Do You Qualify for Skyrizi (risankizumab) Coverage by Blue Cross Blue Shield in New York? Decision Tree & Appeal Guide
Answer Box
Getting Skyrizi (risankizumab) covered by Blue Cross Blue Shield in New York requires prior authorization with documented TNF inhibitor failure for IBD, or moderate-to-severe psoriasis (PASI ≥10-12, BSA ≥3%) for dermatology indications. Submit PA through your provider via Anthem's digital portal or fax with clinical documentation. If denied, file internal appeal within 60 days, then external appeal through NY Department of Financial Services within 4 months. First step today: Gather your diagnosis records, prior treatment history, and insurance card to verify your Blue Cross Blue Shield plan's specific formulary requirements.
Table of Contents
- How to Use This Guide
- Eligibility Triage: Do You Qualify?
- If You're Likely Eligible: Documentation Checklist
- If You're Possibly Eligible: Next Steps
- If You're Not Yet Eligible: Alternatives
- If Denied: New York Appeal Process
- Coverage Requirements at a Glance
- Common Denial Reasons & Solutions
- Costs & Patient Support
- FAQ
How to Use This Guide
This decision tree helps you determine your likelihood of getting Skyrizi (risankizumab) covered by Blue Cross Blue Shield in New York. Work through each section based on your current situation. If you're unsure about any medical details, consult your prescribing physician.

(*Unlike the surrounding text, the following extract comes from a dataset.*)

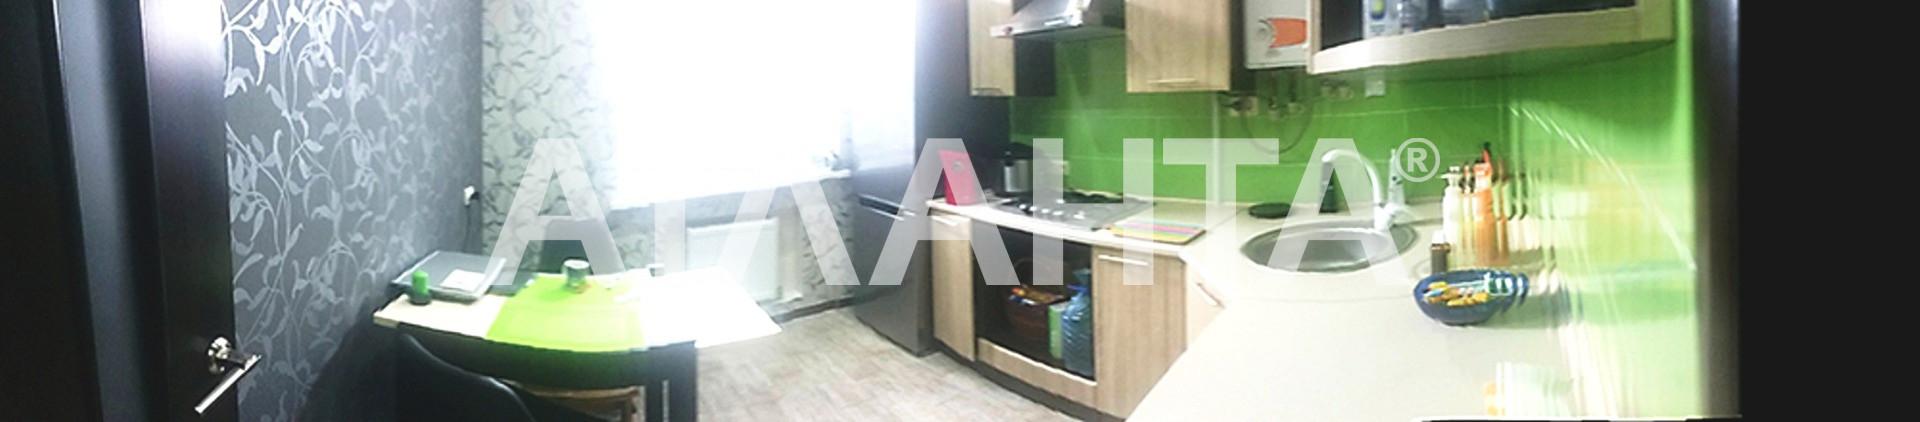 Продается 1-комнатная Квартира на ул. Крупской — 21 000 у.е. (фото №6)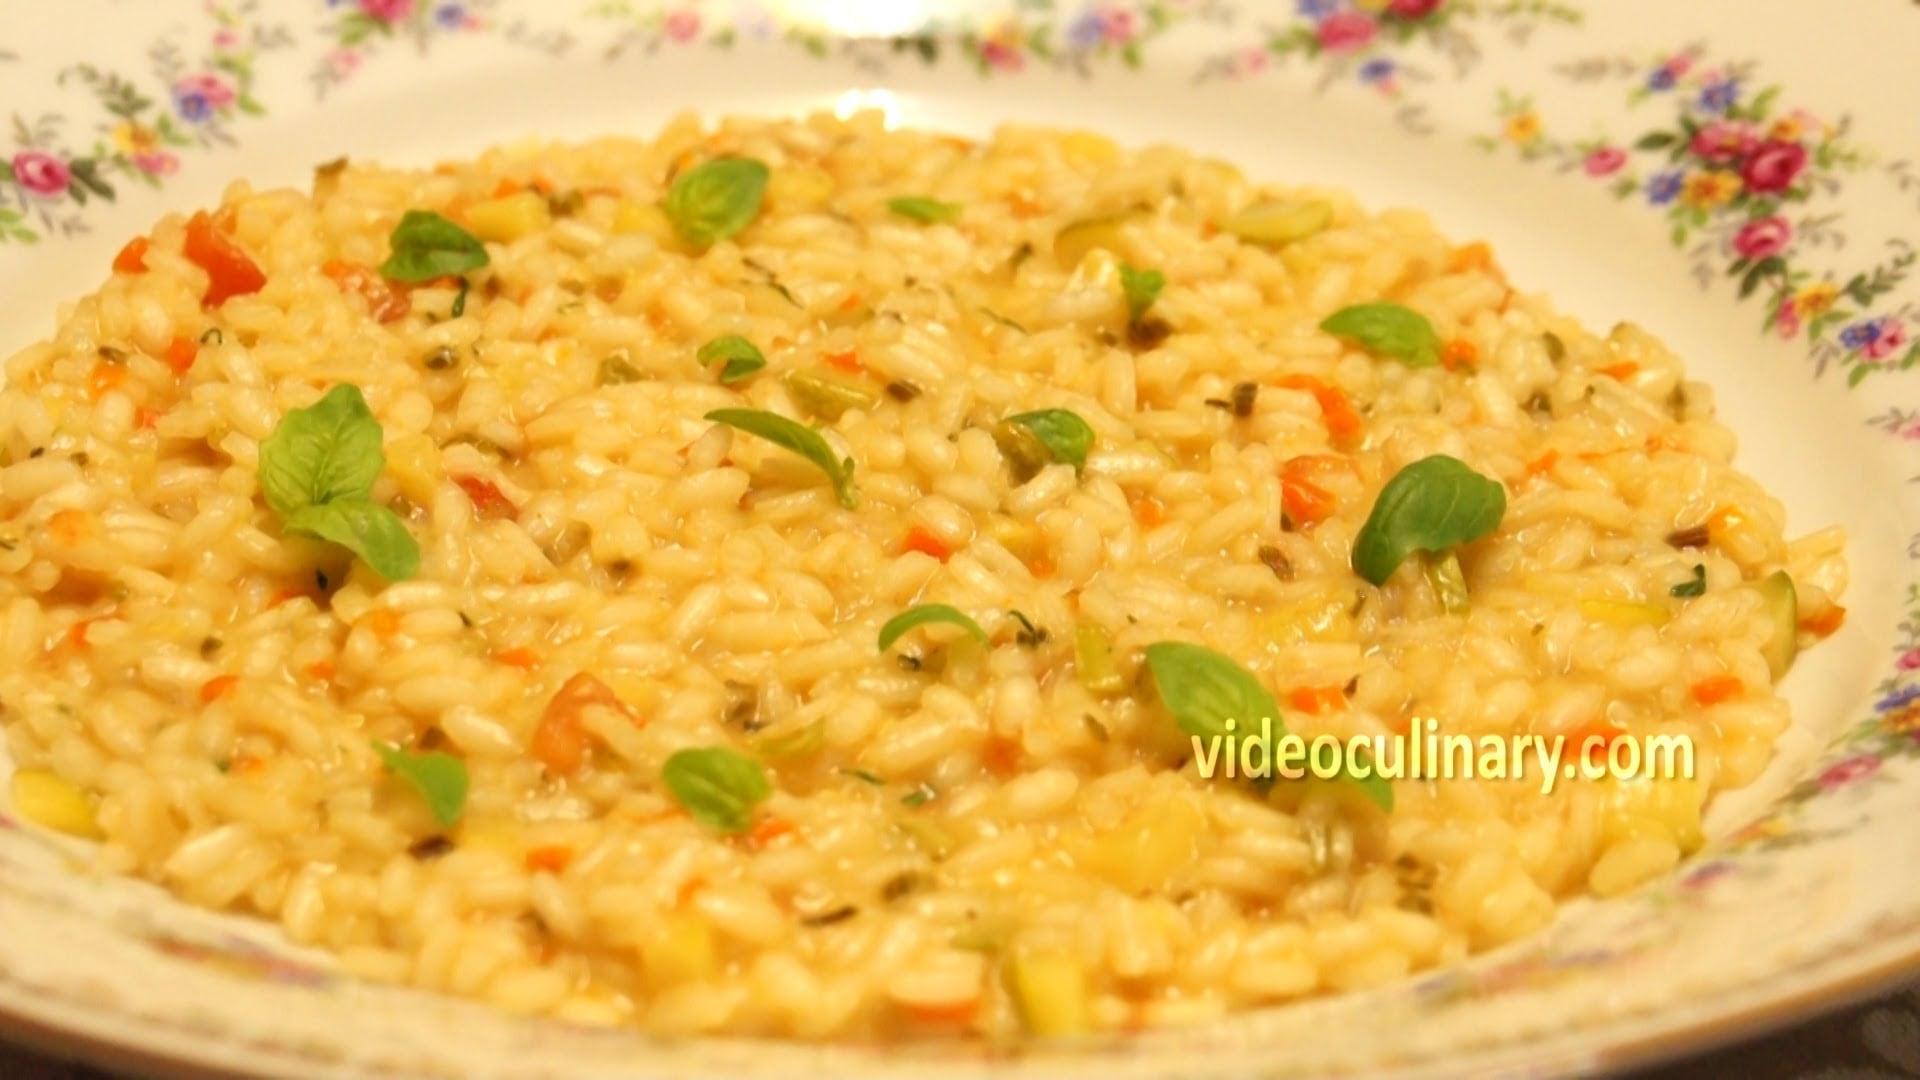 Italian Vegetarian Risotto Recipe – Video Culinary

Important: Blue Cross Blue Shield operates as 33 independent plans. While this guide covers common requirements across BCBS plans, always verify specific criteria with your individual plan.
Eligibility Triage: Do You Qualify?
Step 1: Confirm Your Diagnosis
Skyrizi is FDA-approved for:
- Moderate-to-severe plaque psoriasis (adults)
- Active psoriatic arthritis (adults)
- Moderately to severely active Crohn's disease (adults)
- Moderately to severely active ulcerative colitis (adults)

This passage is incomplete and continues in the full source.